According to a release from the Federal Statistical Office of Germany, flagging investment and household consumption were behind the slowdown — particularly disappointing for those, including U.S. officials, who have urged Germany to stoke local demand. The figures for June 2010 to this past June were more encouraging, showing that Germany grew 2.8 percent. But even that represented a decline.
Also discouraging were new figures released Tuesday for the entire region that uses the euro. Growth for the second quarter was only 0.2 percent, reflecting government austerity programs and slowing global economic activity.
The poor German showing is the latest in a spate of downbeat news for Europe. France, the euro zone’s second-largest economy, reported last week that it had essentially stagnated. And recent moves by European leaders to craft an expanded bailout for Greece, along with other steps to show they would defend the currency, were quickly discounted by the markets.
Although the crisis in Europe is ostensibly driven by high levels of government debt and annual deficits, it is also rooted in slow growth, with nations such as Italy and Spain struggling to expand fast enough that their tax base keeps up with their commitments to citizens and bondholders.
Germany’s growth in the past few years offered an example to weaker economies. A decade ago, the nation was one of Europe’s laggards, with exorbitant wages, expensive social commitments and the challenge of absorbing the former East Germany. In the euro’s early years, Germany violated the euro-zone requirement that countries keep their annual deficits below 3 percent of annual economic output.

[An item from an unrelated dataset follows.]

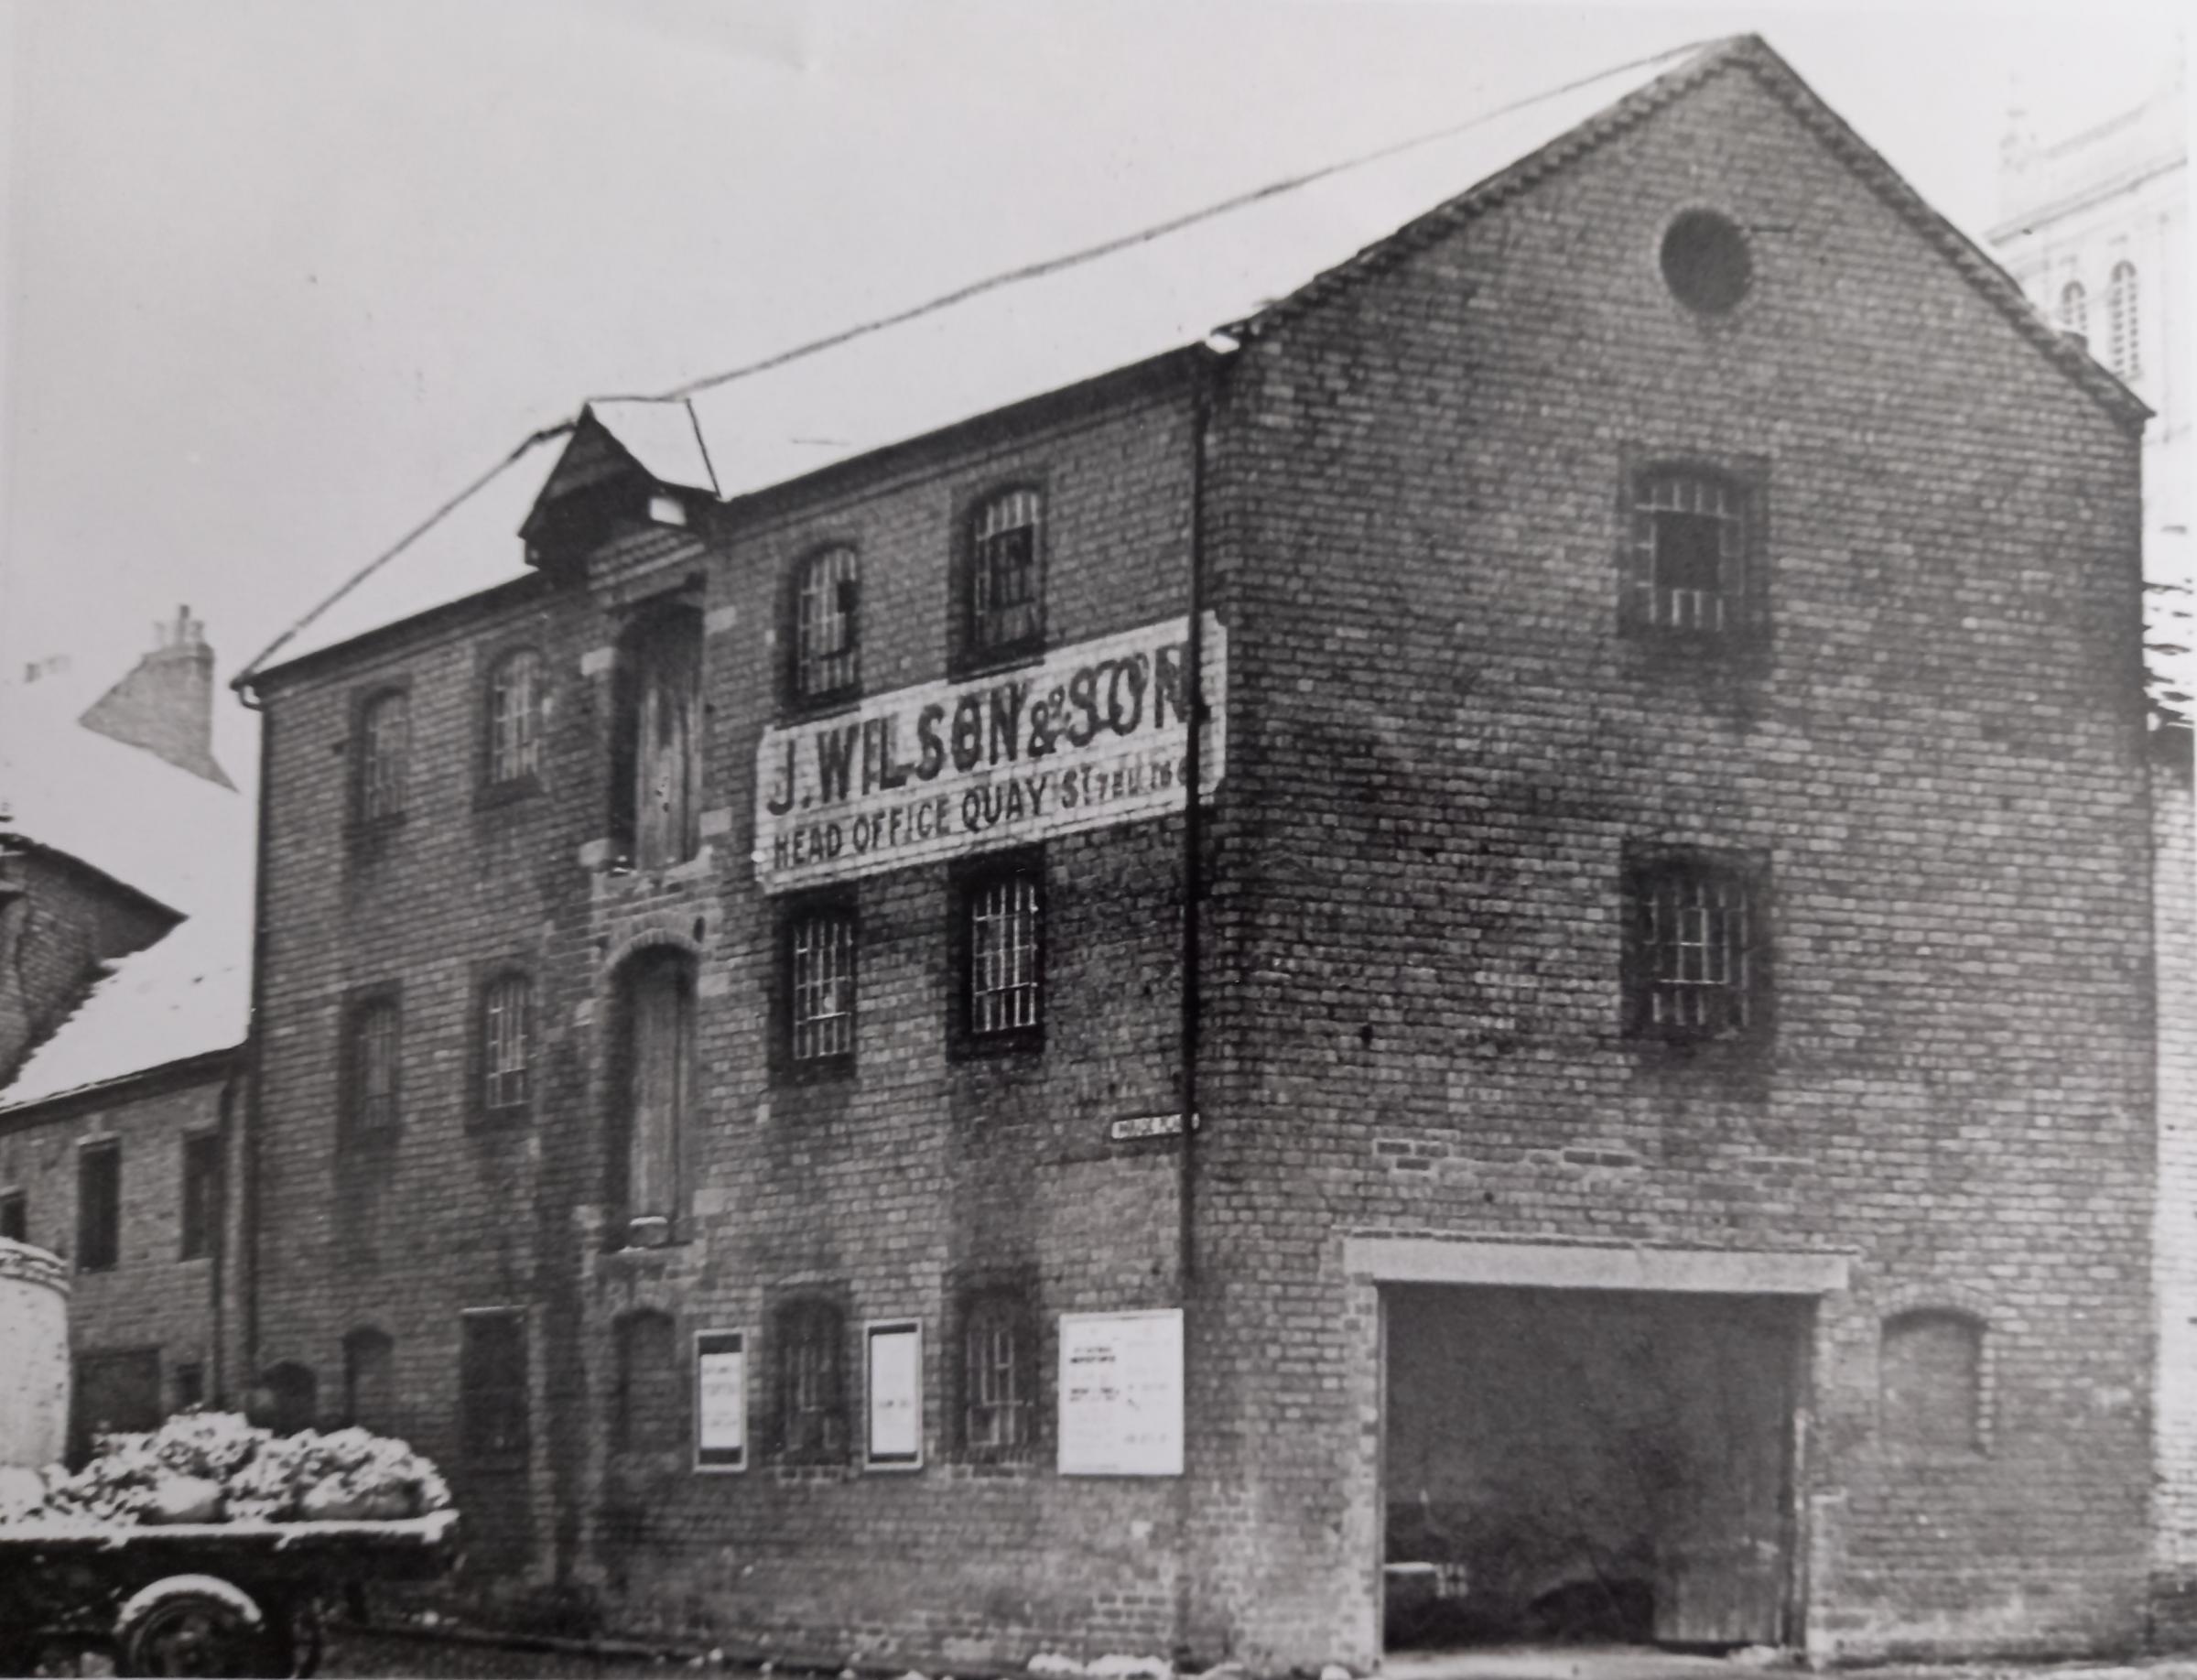 One of the many warehouses in the Quay Street area where goods brought up river were stored

But Germany revised its labor and tax rules to become globally competitive. Its stable of large multinationals benefited as China and other fast-growing developing nations snapped up German capital goods and high-end products.
Figures released last week, however, showed that German exports in June were down significantly from the month before and manufacturing dropped to its lowest level since October 2009.
In a country that has been spared the riots and demonstrations of Greece and Spain, the slowdown may reinforce a public sentiment — reflected in some opinion polls — that Germany should go no further in risking its own financial health to help its weaker neighbors.
At their meeting, Merkel and Sarkozy, whose countries account for about half the euro zone’s economic output, spoke of a unified response. In a joint statement, they called for what Sarkozy termed “a true economic government for the euro zone,” including a council of leaders from the 17 member countries that would meet at least twice a year.
Compared with some of the more dramatic steps that European officials have taken to address the debt crisis, such as establishing a trillion-dollar bailout fund last year, the proposals offered Tuesday were more evolutionary, Merkel said. By bringing the economic and social policies of the euro nations into sync, the region could “regain confidence step by step,” she said.
The proposals were short on details, and some analysts said they had heard similar ideas before. Over the years, European leaders, particularly from Germany, have offered various ways to control euro-zone spending, but to little effect. National parliaments would still have to approve the proposed measures, such as constitutional amendments to require a balanced budget, and governments would still have to live up to them.
“They have not given any details on what they feel economic governance should look like,” said Daniela Schwarzer, an expert on European integration at the German Institute for International and Security Affairs. And if the new economic council meetings amounted to no more than the latest in a long series of summits, she said, “that is nothing substantially new.”